--- START ---

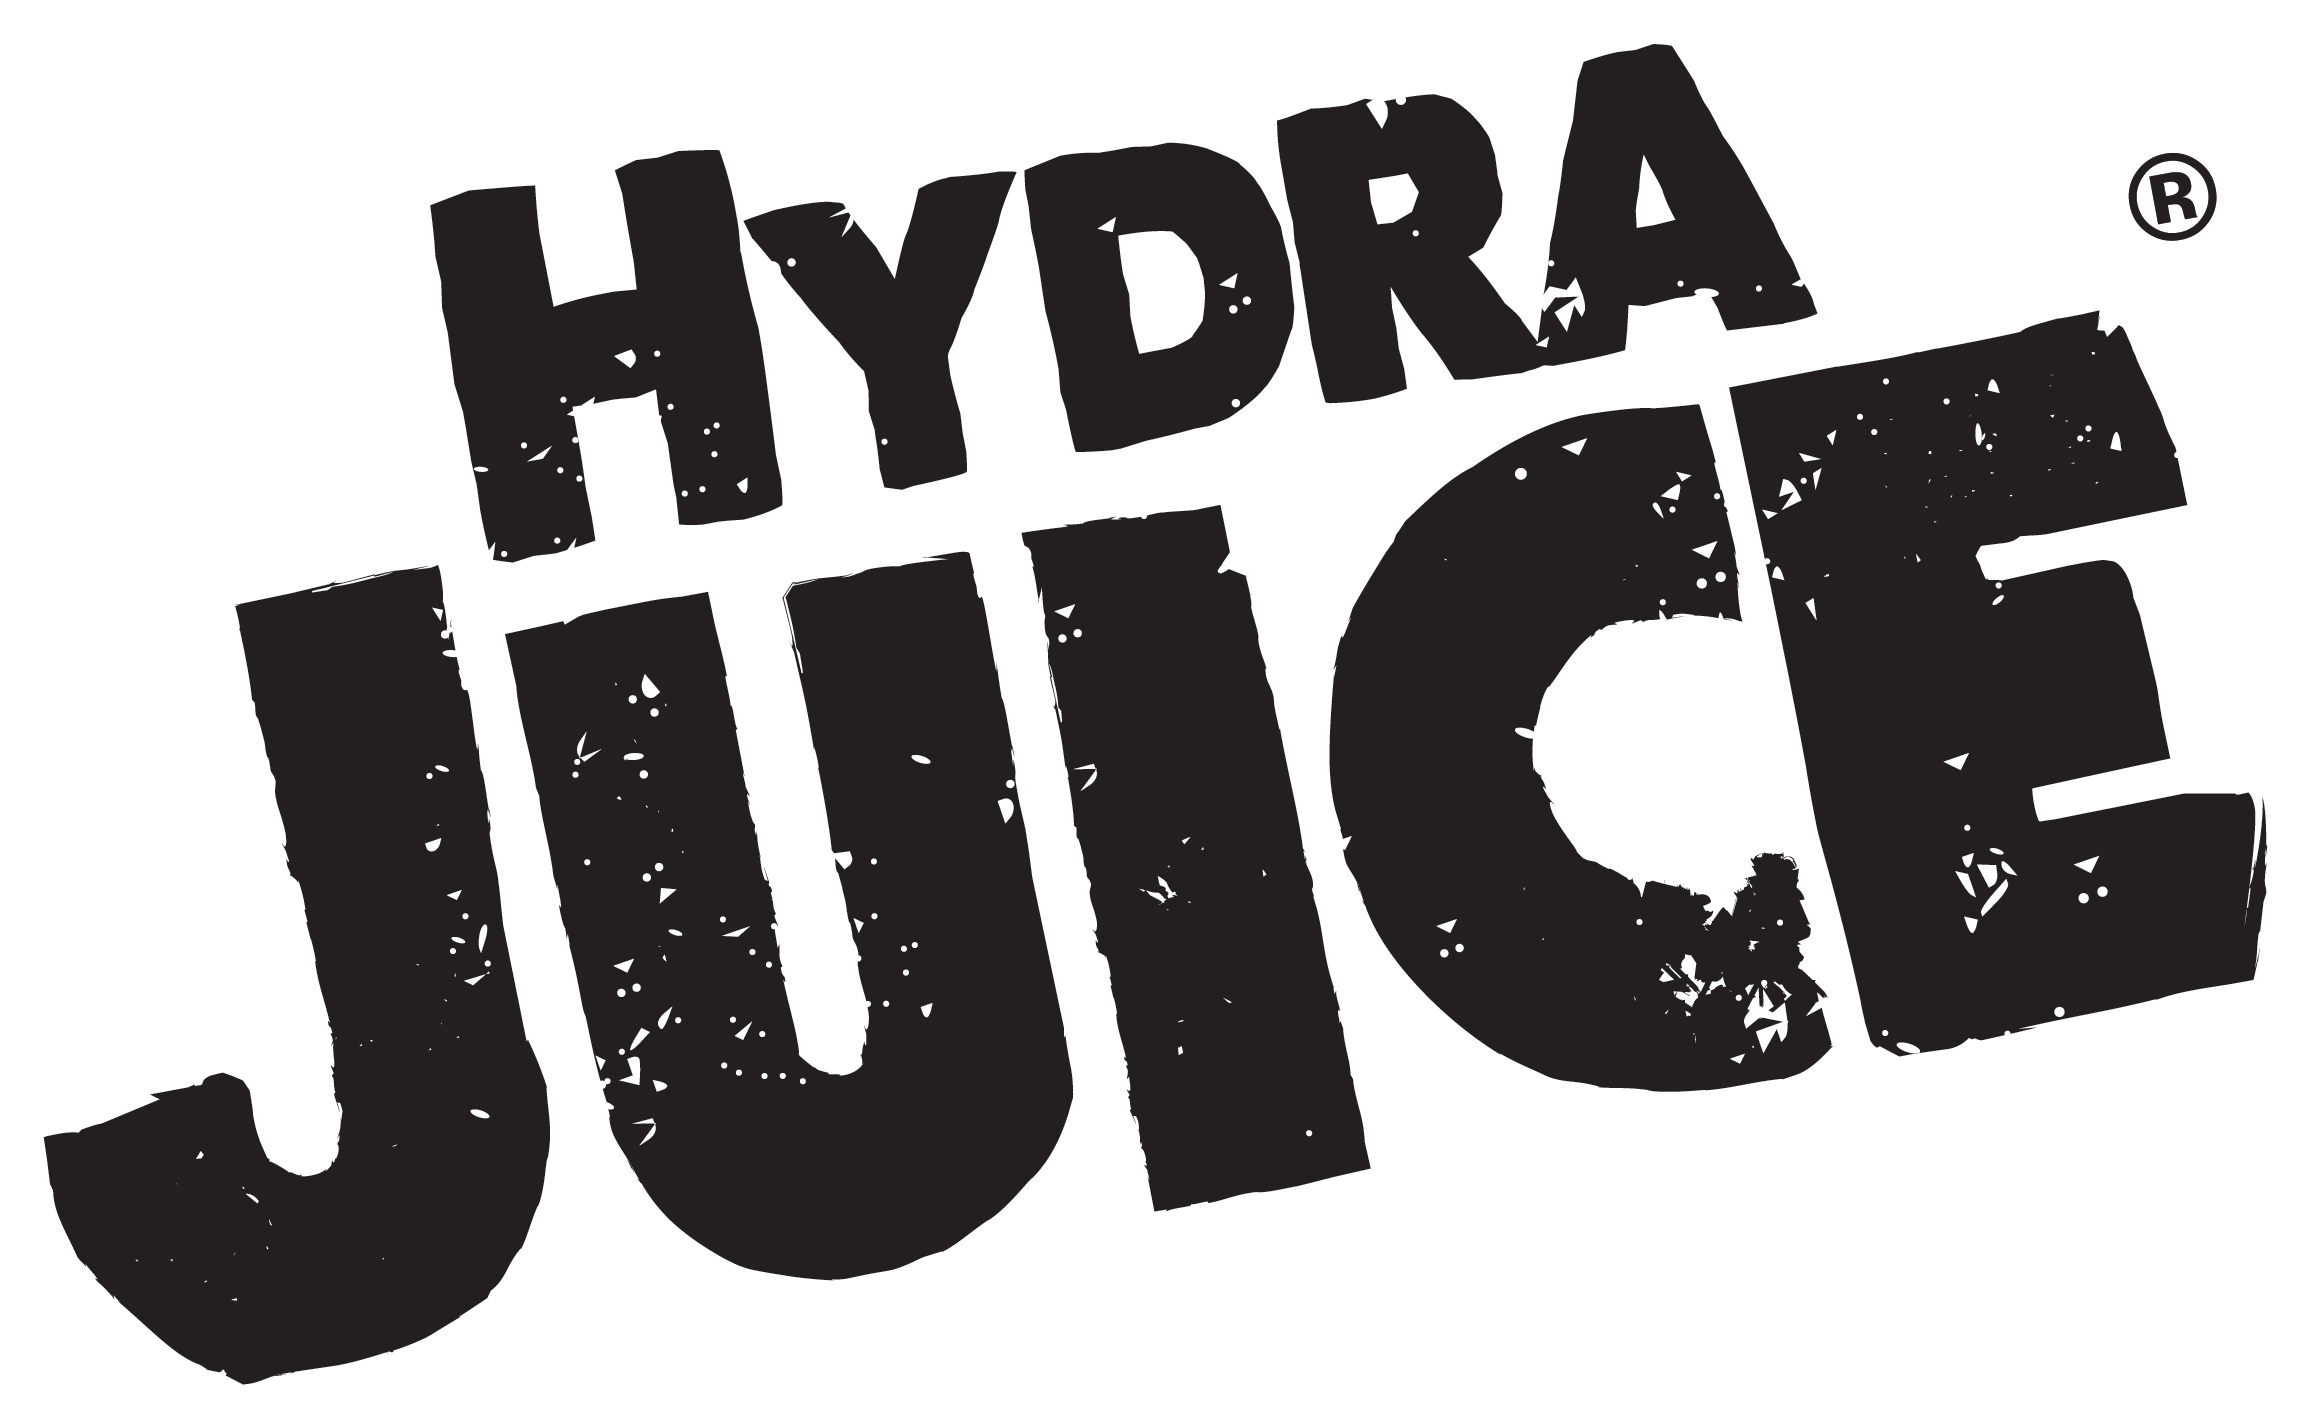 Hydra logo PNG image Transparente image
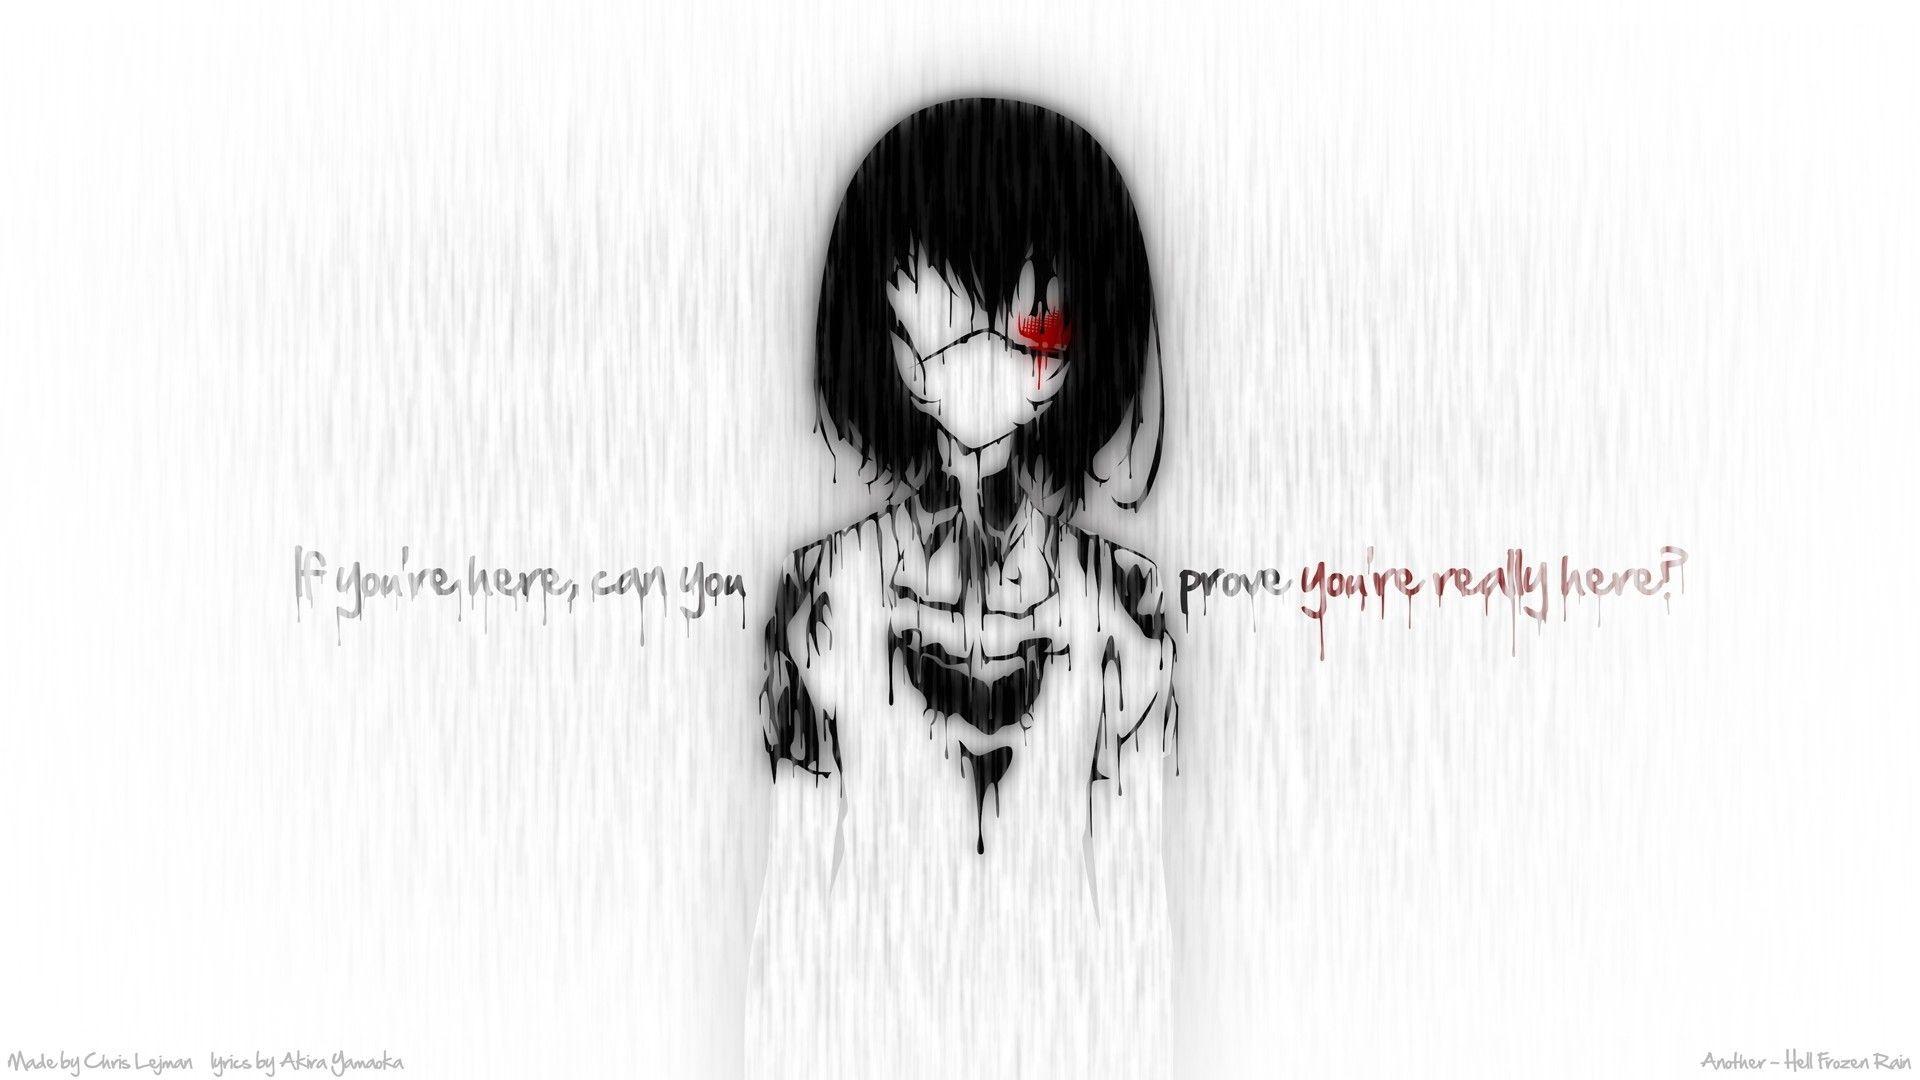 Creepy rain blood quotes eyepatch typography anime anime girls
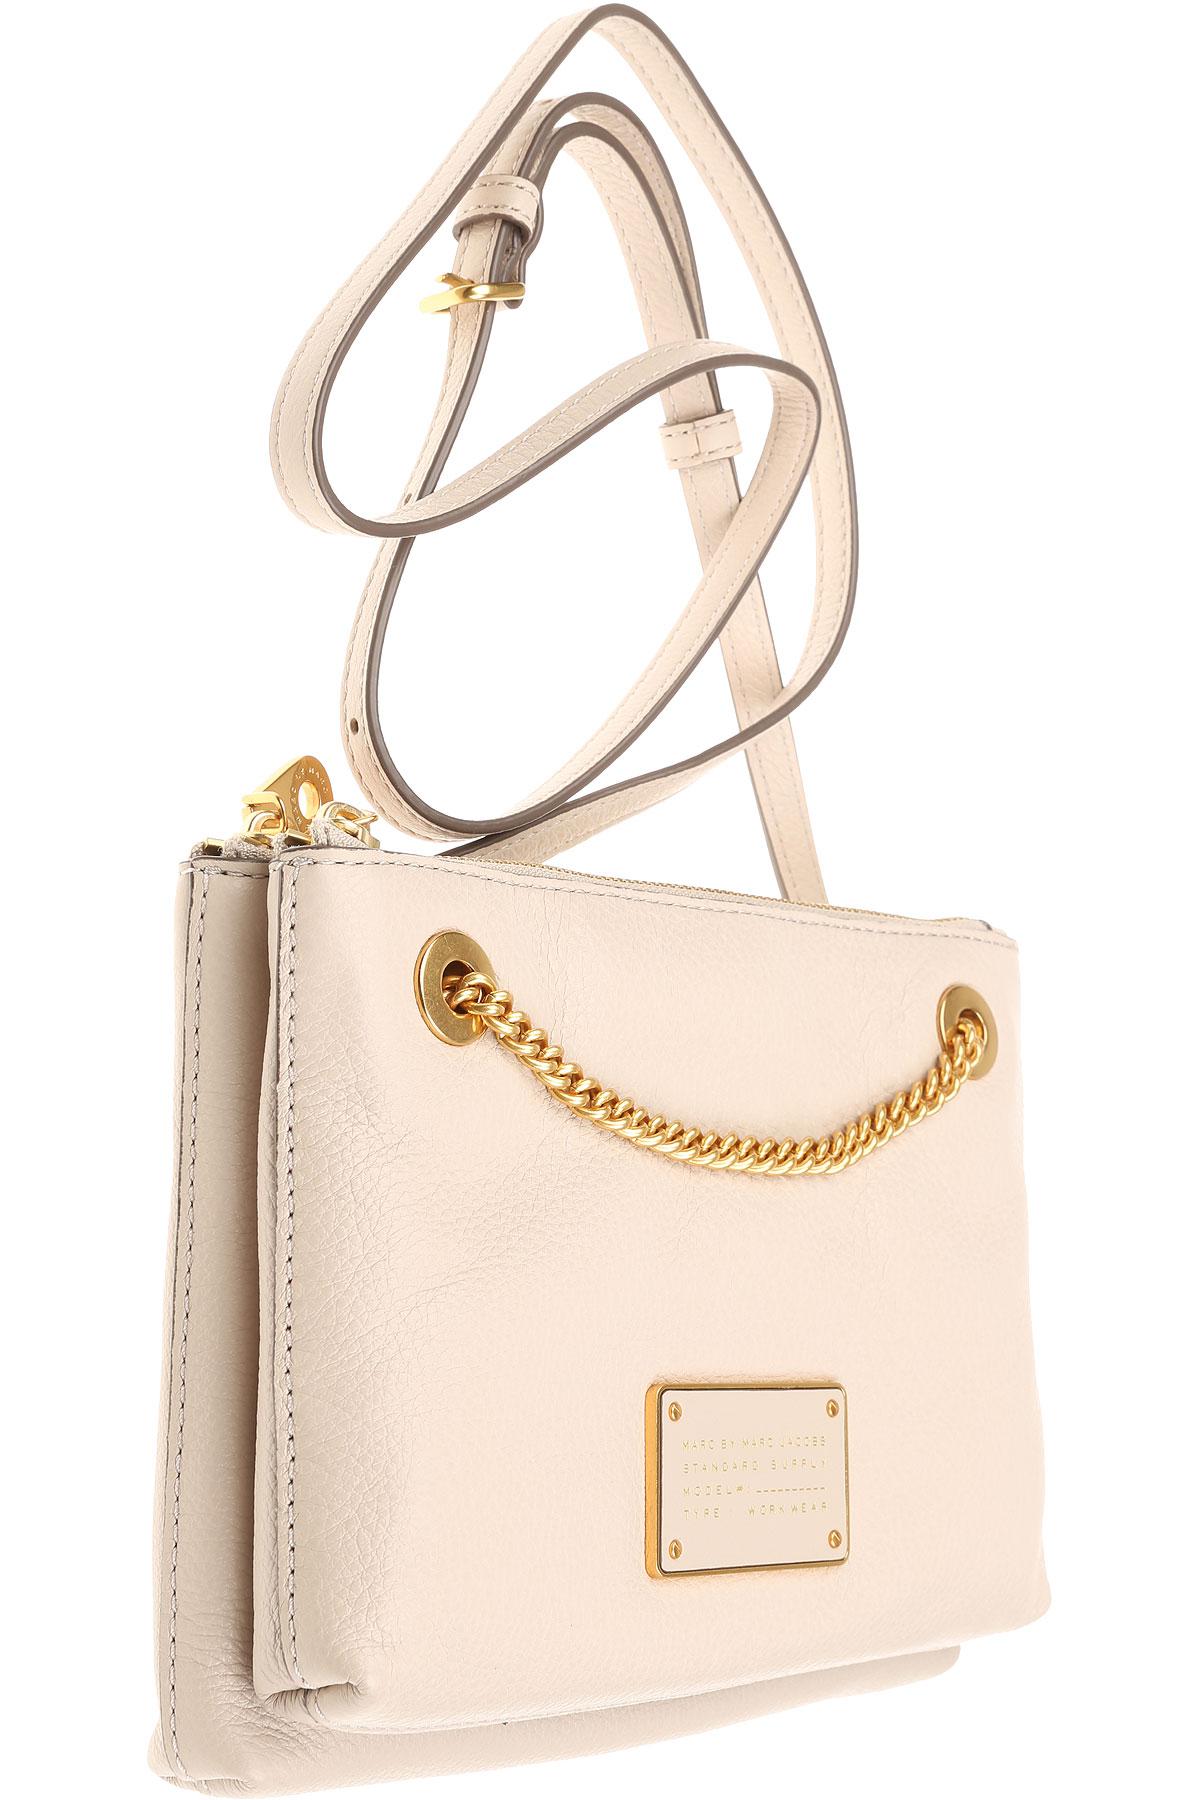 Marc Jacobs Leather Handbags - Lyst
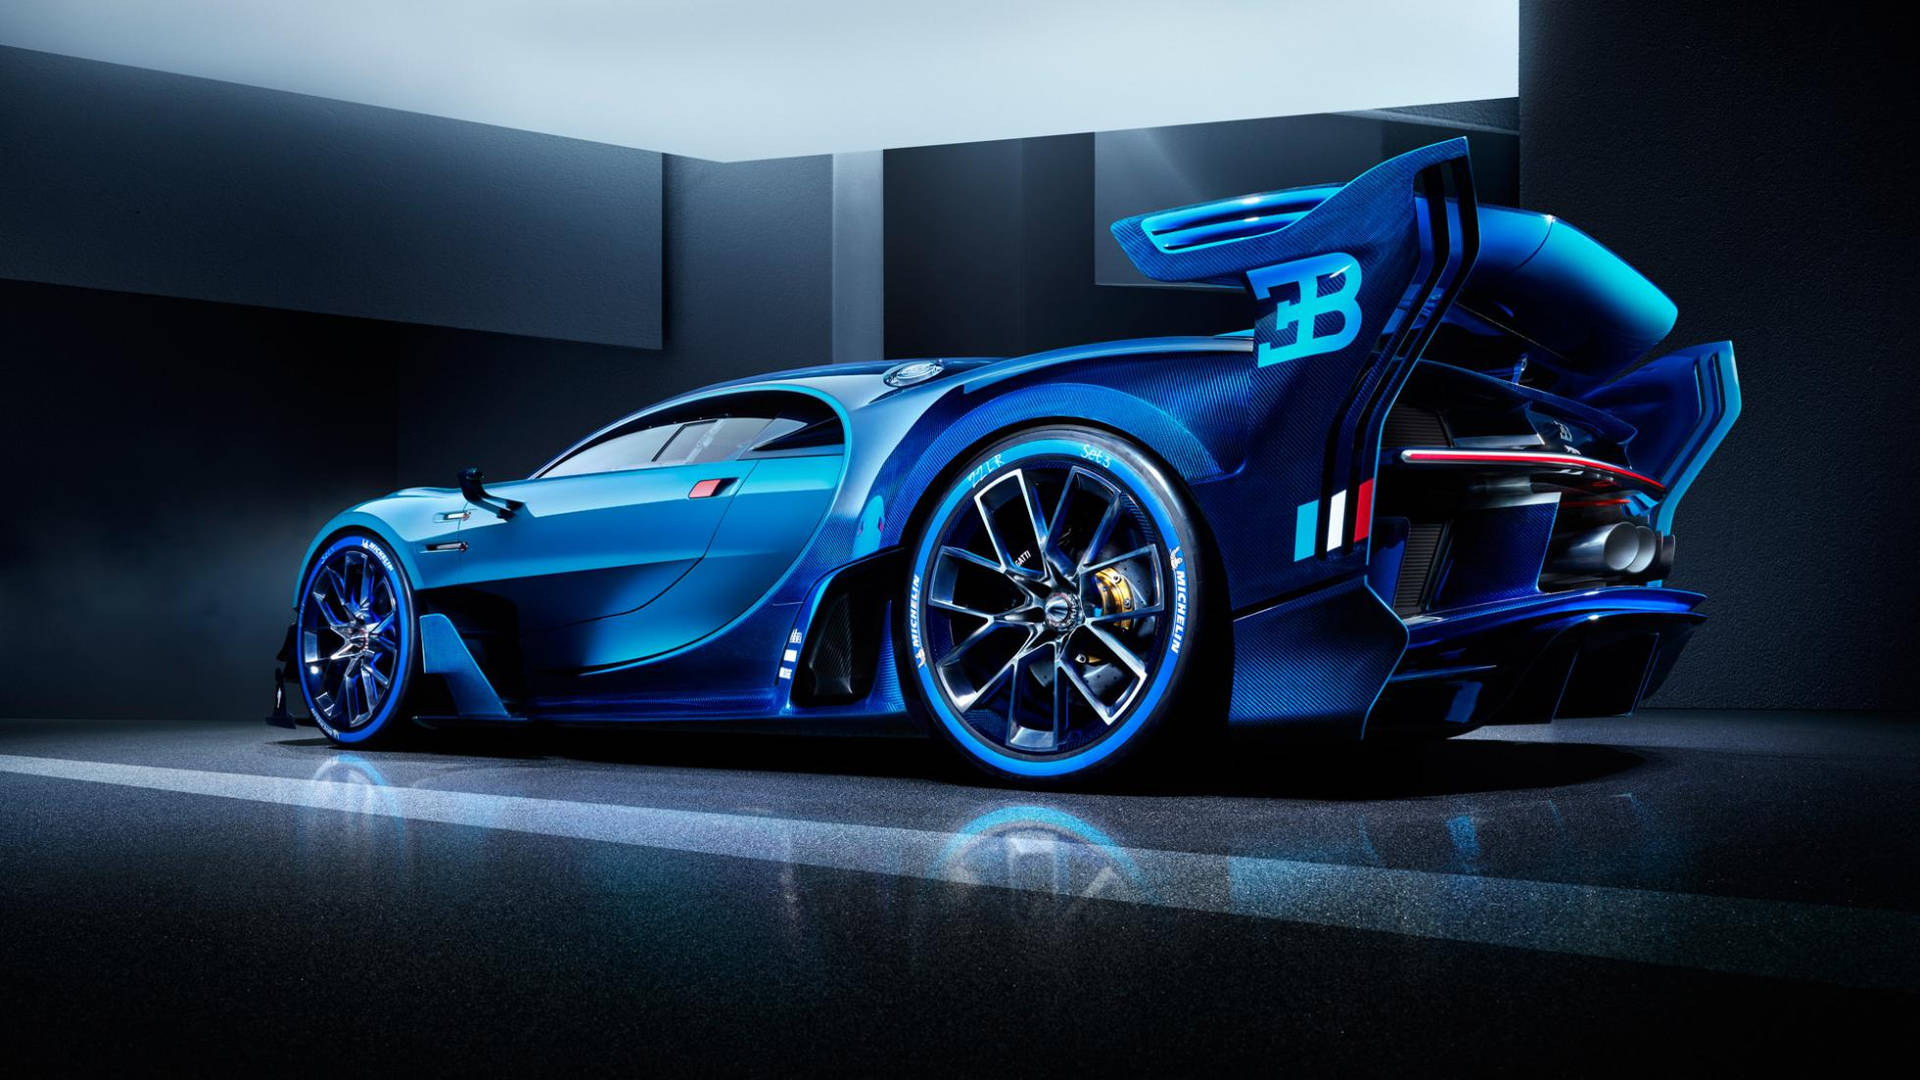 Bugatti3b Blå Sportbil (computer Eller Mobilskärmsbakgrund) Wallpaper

--- END ---

## ASSIGNMENT:
Print the material again word for word. Please drop every picture.

## WORKED SOLUTION:
 Hydra logo PNG image Transparente image
 Creepy rain blood quotes eyepatch typography anime anime girls
 Marc Jacobs Leather Handbags - Lyst
 Bugatti3b Blå Sportbil (computer Eller Mobilskärmsbakgrund) Wallpaper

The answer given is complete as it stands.